- Toelaatbaarheid tuchtvervolging
- Vermoeden van onschuld
- Dagvaarding
- Beoordeling tenlasteleggingen door tuchtraad
- Recht van verdediging
- Art. 6 §2 EVRM
- Tuchtvervolging
- Strafvervolging
- Beroepsgeheim
- Geheim van het beraad
- Laakbare houding
- Deels vrijspraak
- Deels berisping
- Veroordeling tot de kosten van het onderzoek
De tuchtraad neemt kennis van de feiten zoals omschreven in de dagvaarding en geeft hieraan de passende beoordeling. De bewoordingen in de dagvaarding sorteren geen effect op de beoordeling van de tenlasteleggingen.
Nu de advocaat de gelegenheid heeft gekregen om ter zitting op tegenspraak uitvoerig alle in het debat voorgelegde elementen te weerleggen werd het algemeen beginsel van het recht van verdediging in de procedure geëerbiedigd.

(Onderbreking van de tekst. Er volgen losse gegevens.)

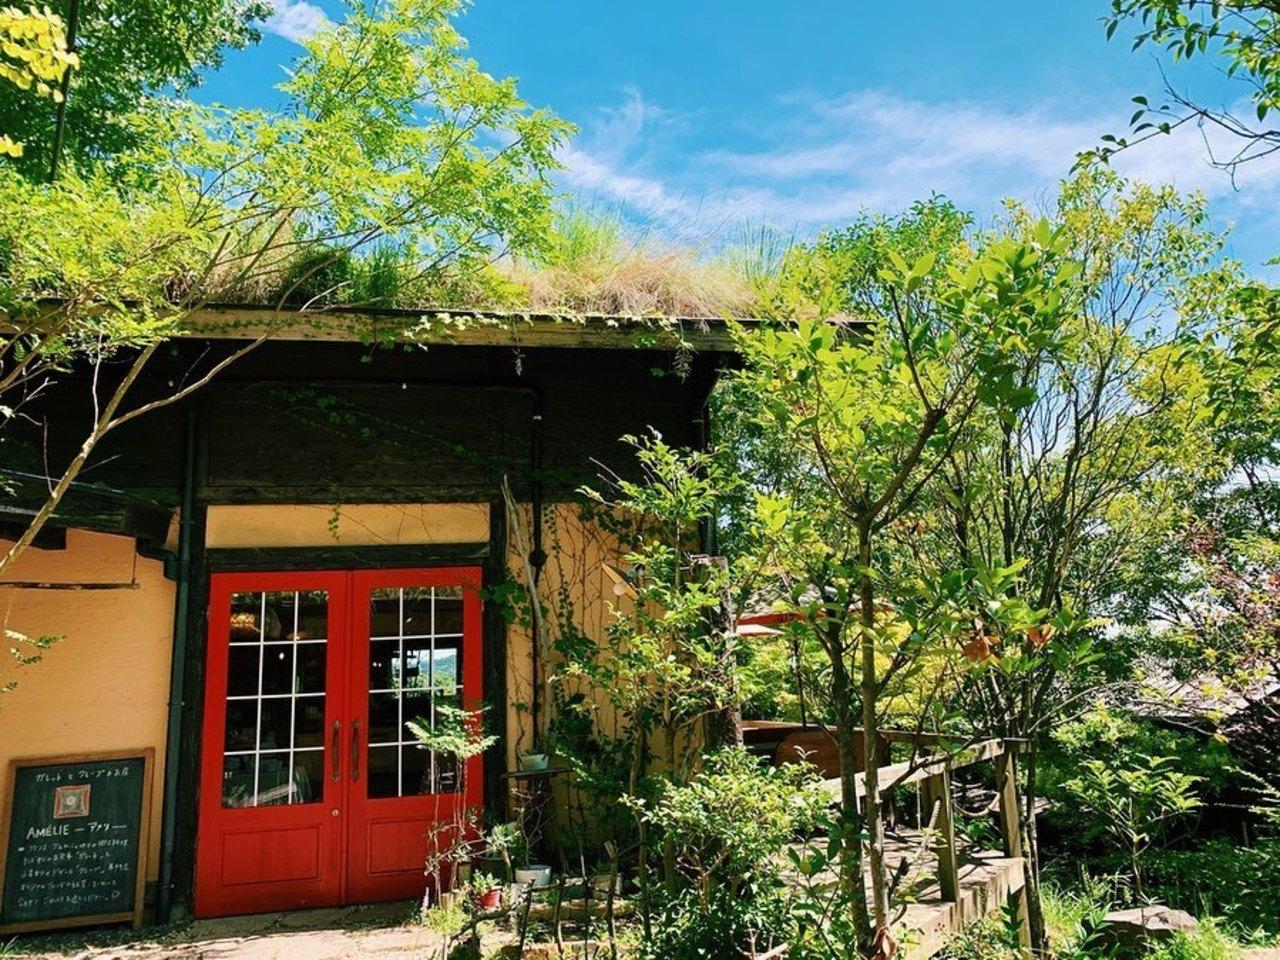 ガレットとクレープのお店。。長崎県諫早市森山町 風の森内の『アメリ』

Het vermoeden van onschuld, waarnaar artikel 6 § 2 EVRM verwijst, houdt overigens geen verband met tuchtprocedures, tenzij deze tuchtprocedures de gegrondheid van een beschikking in strafzaken in de zin van het EVRM op het spel zetten. Nu uit het dossier blijkt dat de procureur des Konings geen strafvervolging heeft ingesteld tegen de advocaat, verwijst de advocaat ten onrechte naar artikel 6 §2 EVRM. De tuchtrechtelijke vervolging is dus regelmatig ingesteld en toelaatbaar.
De inbreuk op het beroepsgeheim en de medeplichtigheid aan de schending van het geheim van beraadslaging zijn niet bewezen. Wel is bewezen dat de advocaat een laakbare houding heeft aangenomen tijdens het gesprek met een journalist en een jurylid. Een advocaat begaat een onvoorzichtigheid door in te gaan op de uitnodiging van de journalist tot een gesprek met een jurylid in een dossier waarin de advocaat als raadsman van de beschuldigde is opgetreden.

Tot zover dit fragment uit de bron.